Ve işte asıl soru, yaşam nasıl başladı? Bu konuda Charles Darwin’e danışalım. Kendisi zamanında üzerindeki baskının artmaması için bir süre boyunca bu konuya değinmedi. Zira nefret dolu Hristiyanlar zaten kendisinin üzerine yeterince ateş kusuyorlardı. Bunun asıl sebebi de dini kitaplarla da örtüşen vitalizmdi. Bu görüşte canlıyı cansızdan ayıran “yaşam enerjisi” tarzında bir şeyden bahsedilir. Bu olmadan bazı bileşiklerin elde edilemeyeceğine inanılır. Bu görüşe uzun süre boyunca pek çok kişi tarafından inanıldı, ta ki Friedrich Wöhrer adında Alman bir kimyager çıkıp amonyum siyanattan üre yapmayı başarana kadar. Bu da vitalizmi bilimsel bir kavram olmaktan çıkardı ve ona büyük bir darbe vurdu. Bunun sebebi de amonyum siyanat gibi canlılıkla hiçbir alakasıolmayan basit kimyasallardan üre gibi canlılıkla doğrudan bağlantılı kimyasalların elde edilebilmiş olmasıydı. Darwin’e geri dönelim. Büyük ilgi gören vitalizm görüşünden ötürü üzerinde baskı olduğundan ve bundan dolayı da yaşamın başlangıcı gibi bir konuyla alakalı çok da erken yazamadığından bahsetmiştik. Ama hiç bahsetmediğini söylemedik. Kendisi bu konudaki düşüncelerini bir mektubunda şöyle aktarmış: “Peki eğer ufak ve ılık bir su birikintisi hayal edebilirsek ve içerisinde her türlü amonyak, fosforik tuzlar, ışık, sıcaklık, elektrik ve diğer kimyasallar bulunsa, bir protein kimyasal olarak oluşabilir ve daha karmaşık değişikliklere doğru yol alabilir…”. Bu düşünce kendisinden sonra gelen bilim adamları tarafından da desteklendi veya buna çok benzer yeni görüşler ortaya atıldı. Yani bence bu görüş üzerinden gitmek çok da yanlış olmaz.

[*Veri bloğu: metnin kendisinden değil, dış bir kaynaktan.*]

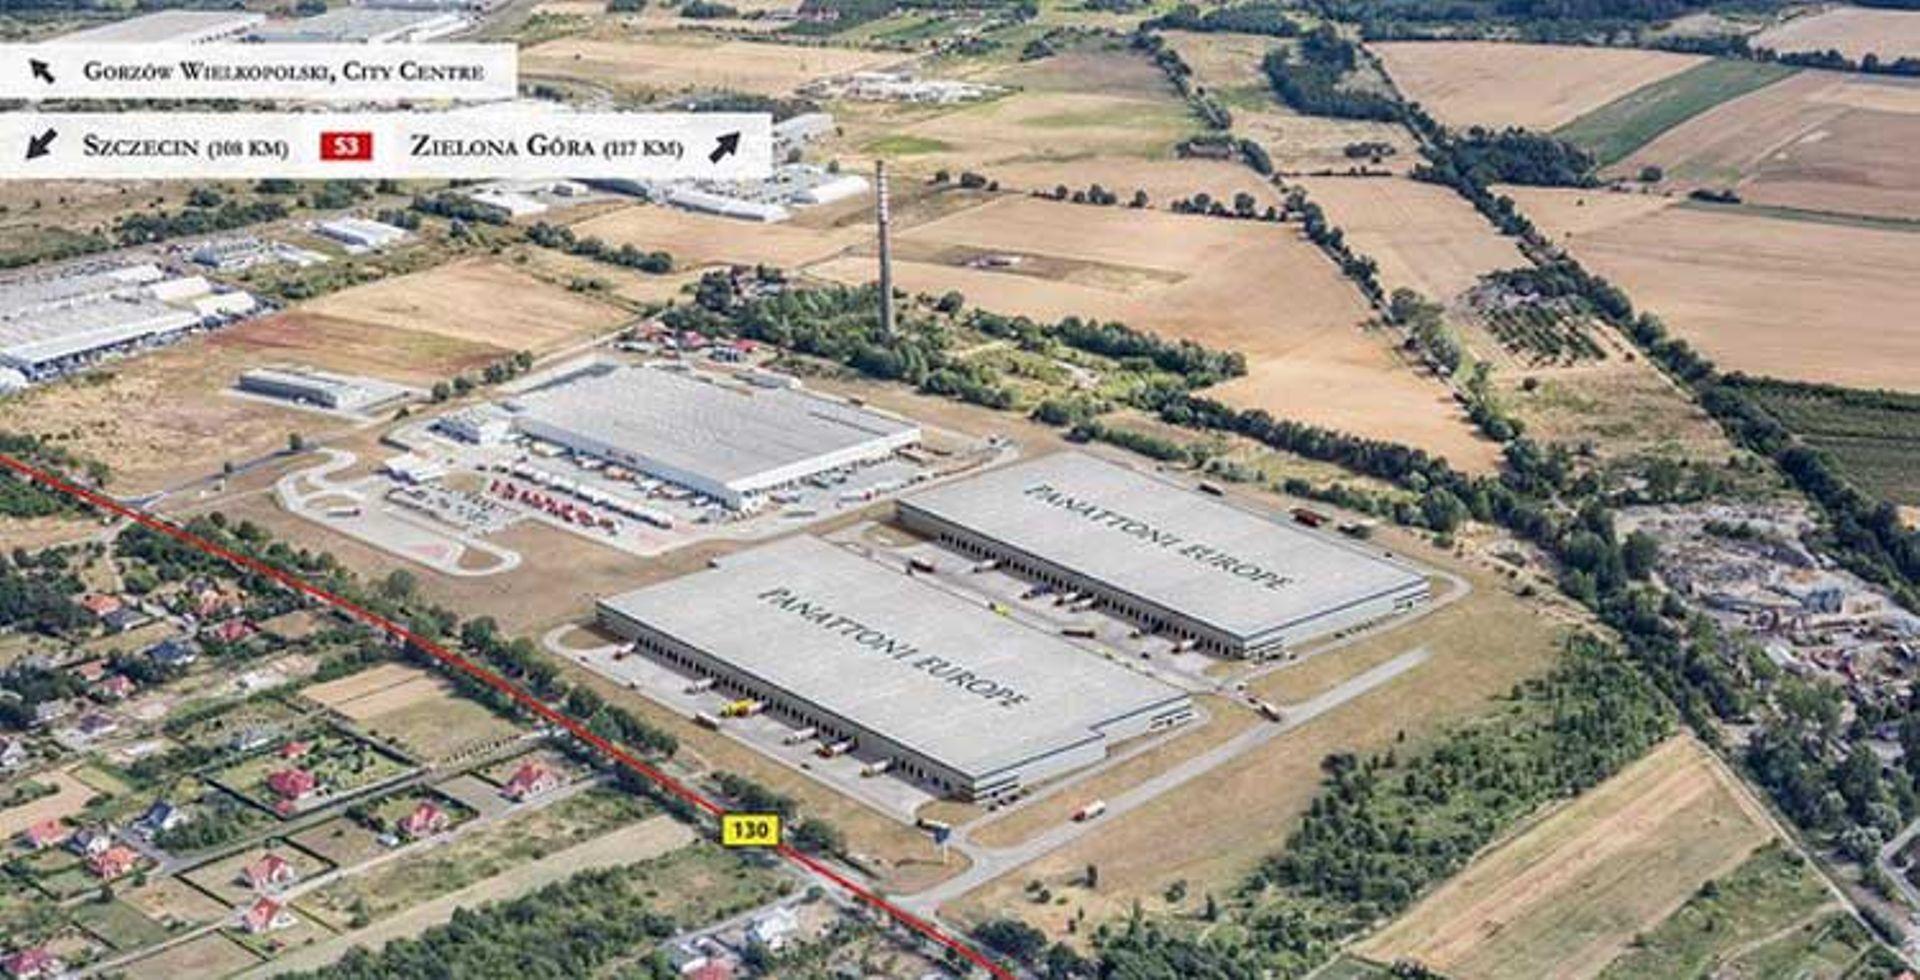 [Gorzów Wielkopolski] Panattoni wybuduje park logistyczny w Gorzowie Wielkopolskim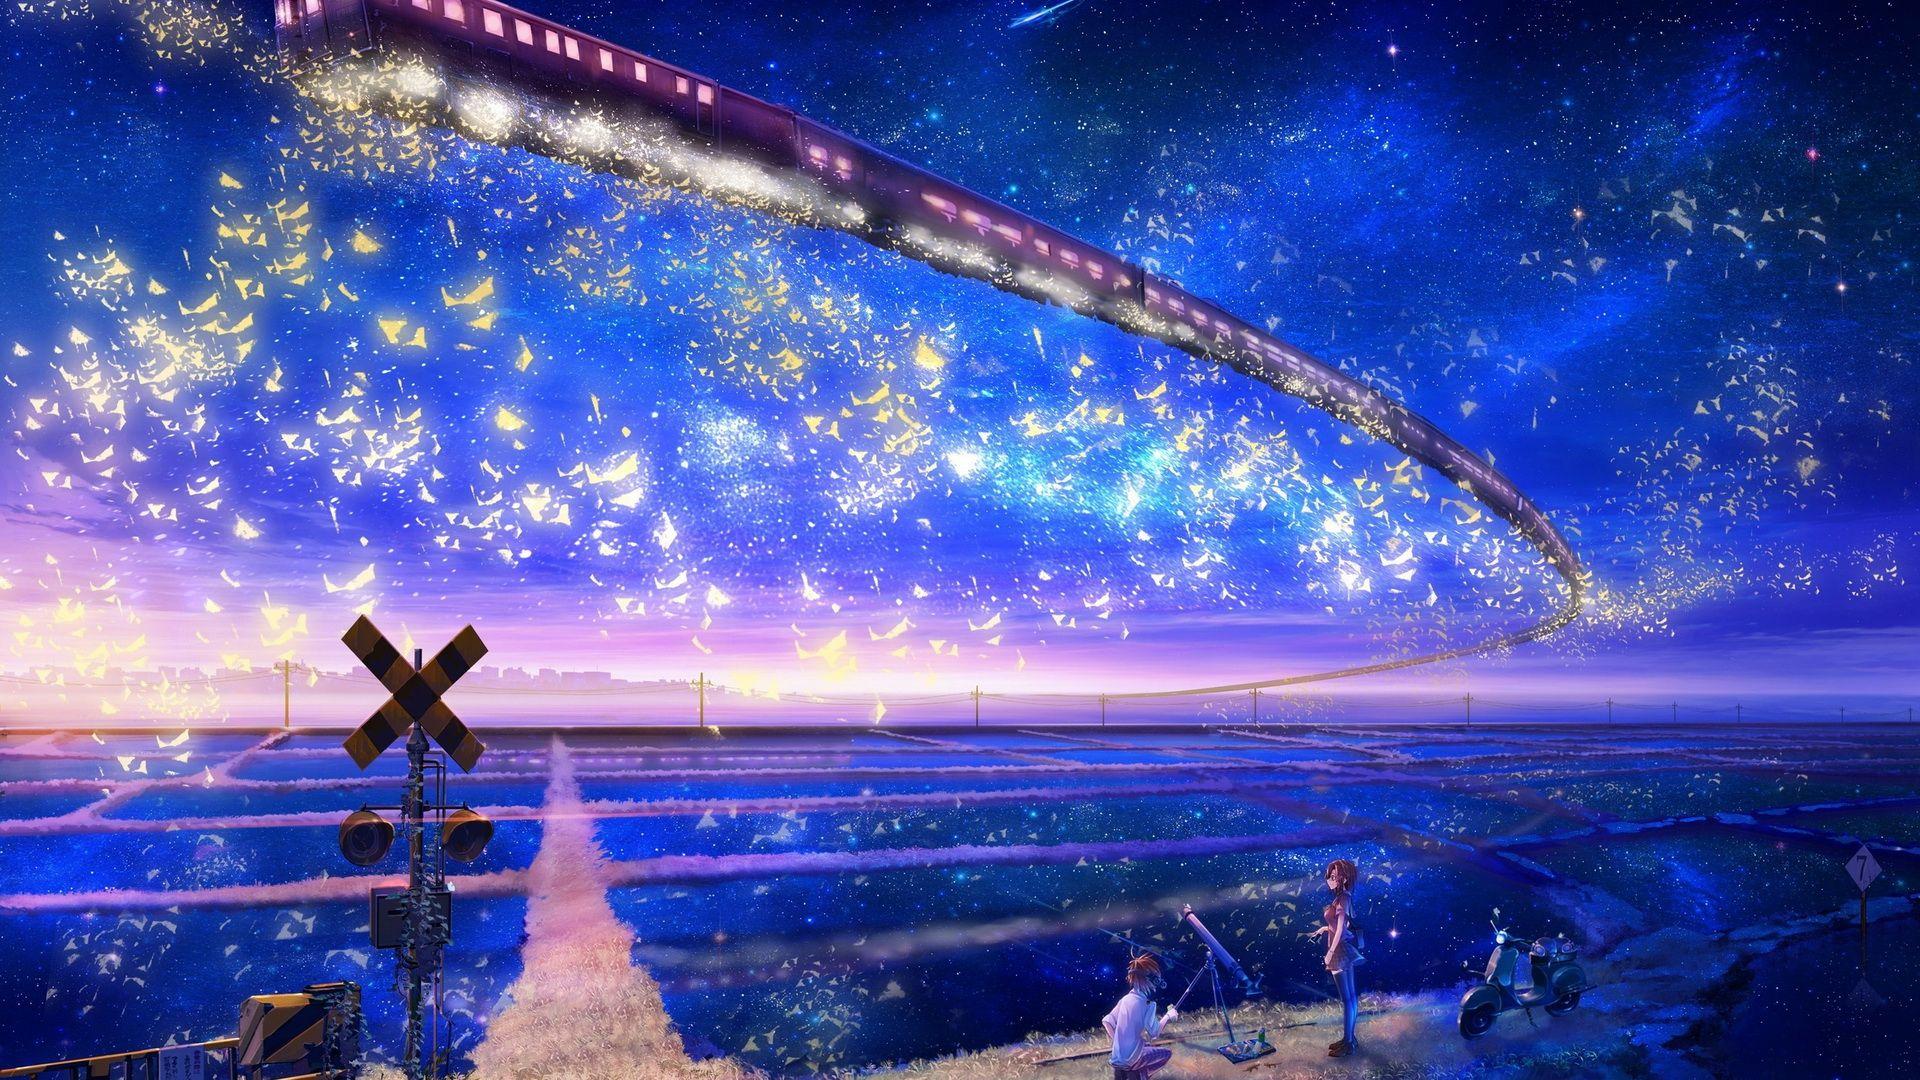 Stunning Anime Scenery Wallpaper 42595 In 2021 Anime Art Beautiful Anime Scenery Wallpaper Anime Scenery

Dünyanın oluşumundan bu yana 1 milyar yıl geçti ve yaşam başladı dedik. Bu 1 milyar yılda da Dünya şeklini aldı, kuyruklu yıldızlar suyu getirdi ve muhtemelen gerekli birkaç bileşen yine uzaydan gelerek Dünyanın ısınmasıyla ve su buharının da sıvılaşıp okyanusları oluşturmasıyla ılık ve sulu bir ortamda buluştu. Bu olayları da daha karmaşık kimyasalların oluşması ve bu durumdan bir hücre oluşması izliyor. Yani uzayda doğru bileşenlerin doğru bir şekilde yayılması ve birbirlerini bulmasıyla 1 milyar yıllık bir süreçte hücreler oluşabiliyor. Peki 13,82 milyar yaşındaki evrenimizde herhangi bir yerde bu durumun gerçekleşmesi için kaç fırsat olmuştur? Benim düşüncem de buna dayanıyor. Bence sorunun cevabı evrenin büyüklüğünü göz önüne alırsak “çok çok fazla” oluyor.